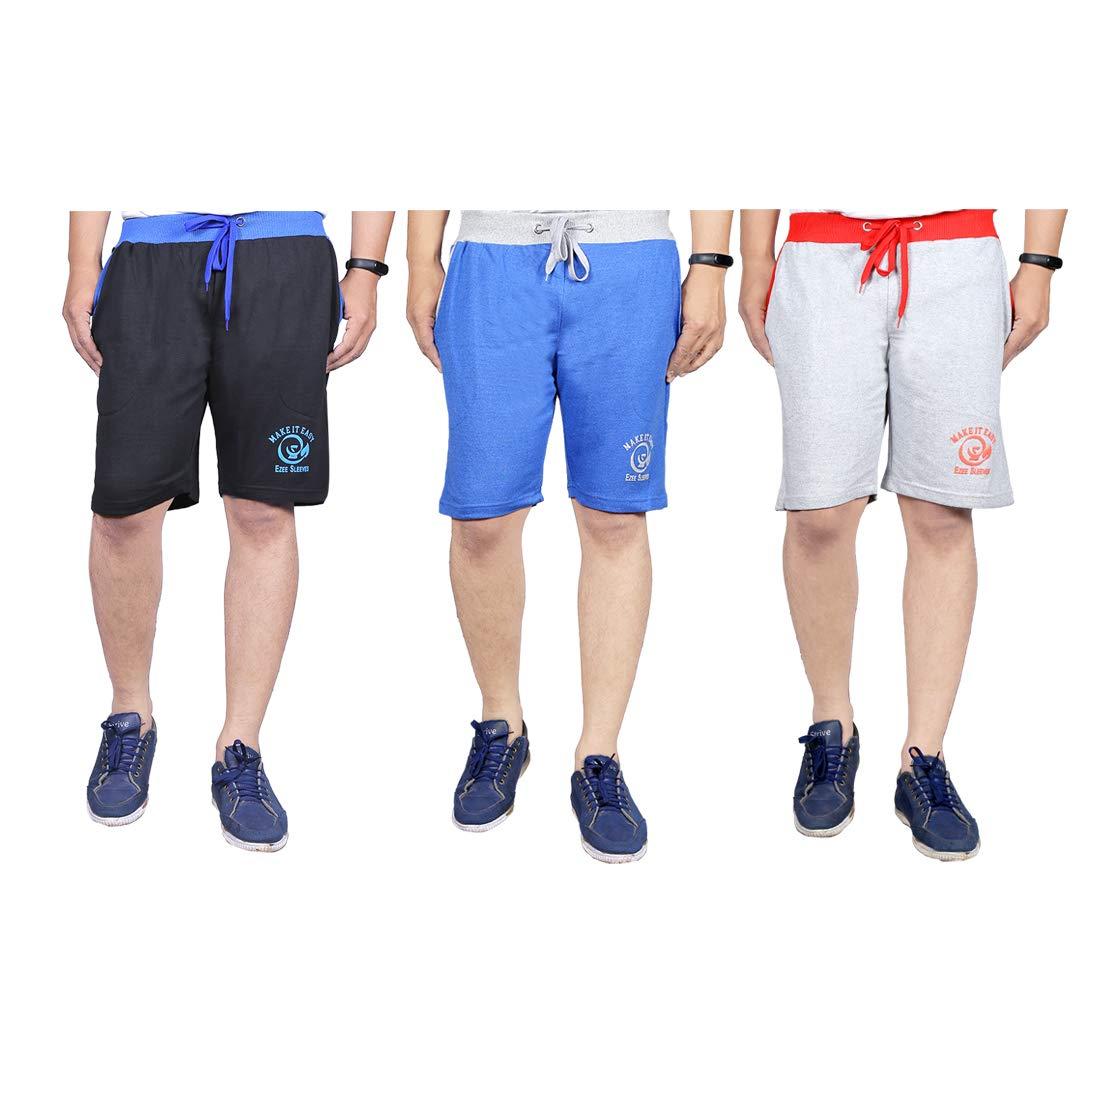 Ezee Sleeves Men's Cotton Shorts Combo (Set of 3)
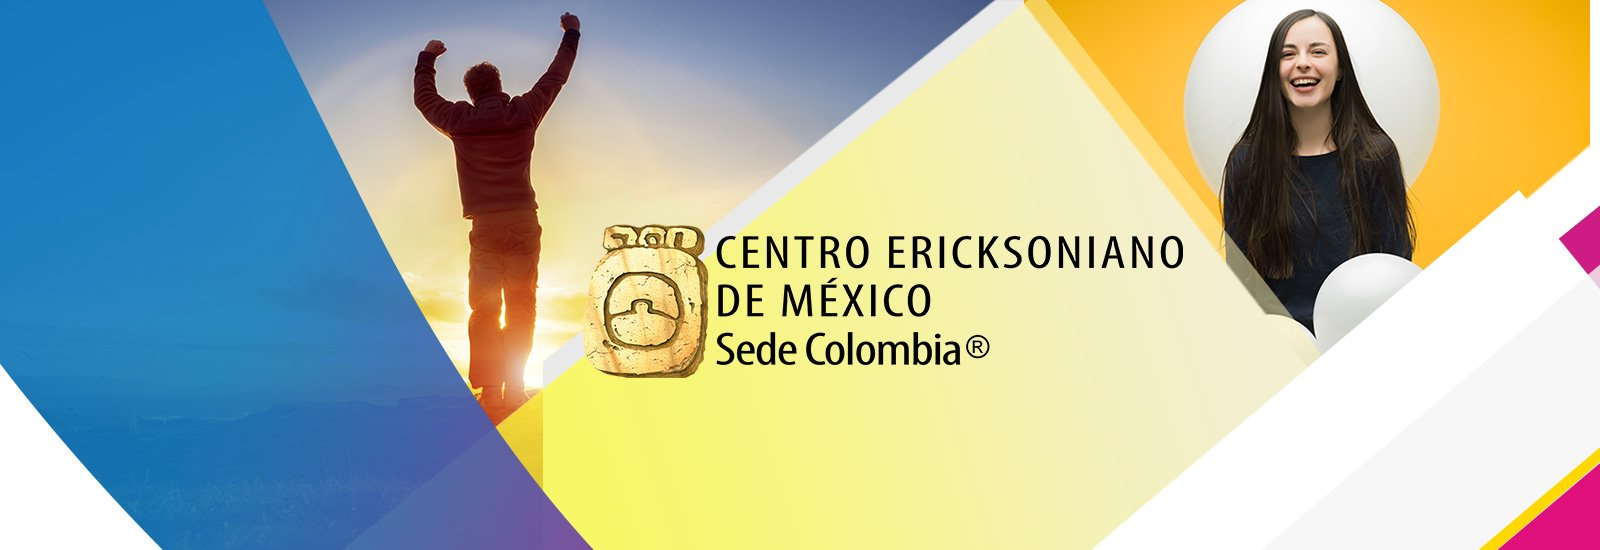 centro ericksoniano mexico sede colombia
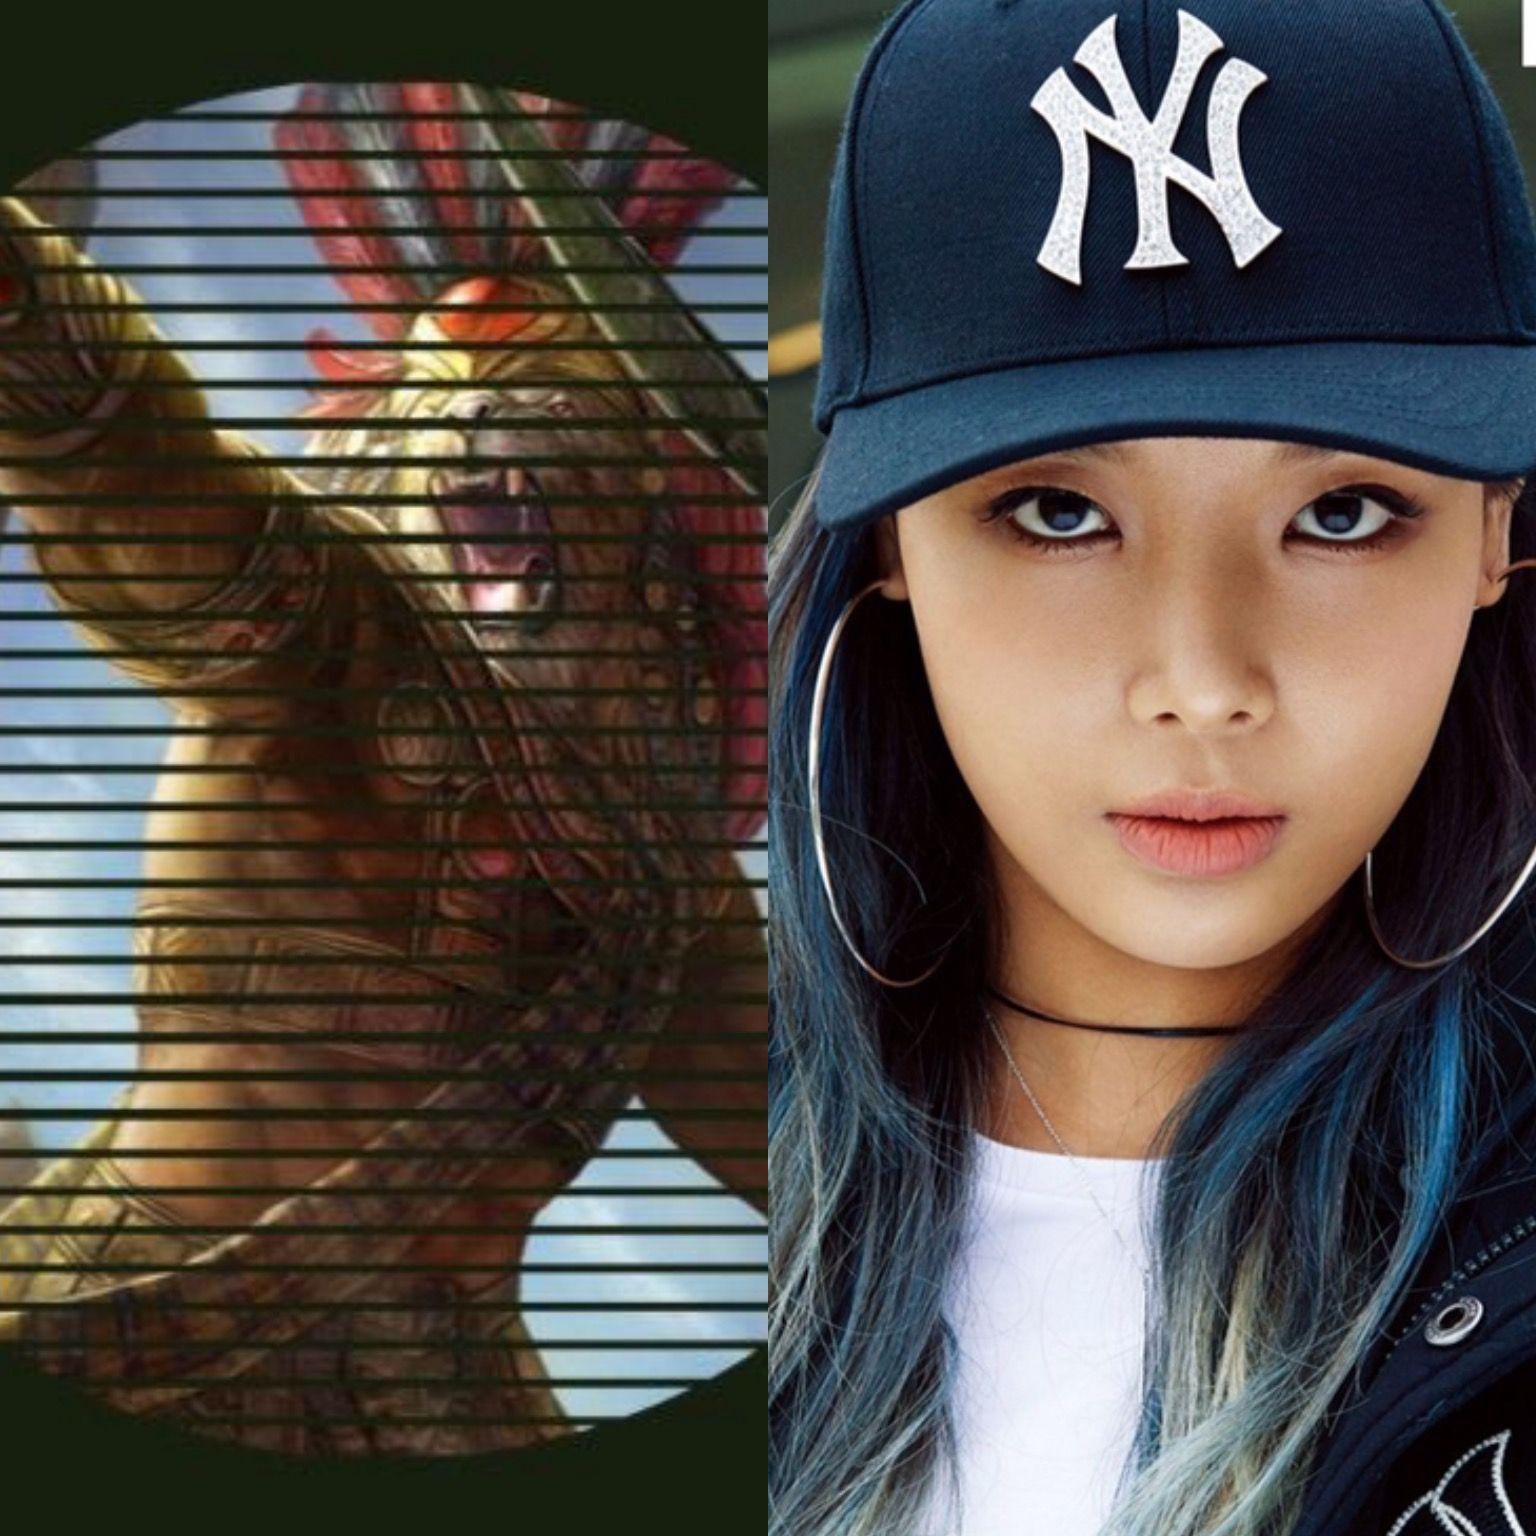 EgyptianCabins&KPOP // Anhur // Yubin of WonderGirls

## About this exercise
Repeat the listing word for word, but without its pictures.

## Answer space
 Ezee Sleeves Men's Cotton Shorts Combo (Set of 3)
 centro ericksoniano mexico sede colombia
 EgyptianCabins&KPOP // Anhur // Yubin of WonderGirls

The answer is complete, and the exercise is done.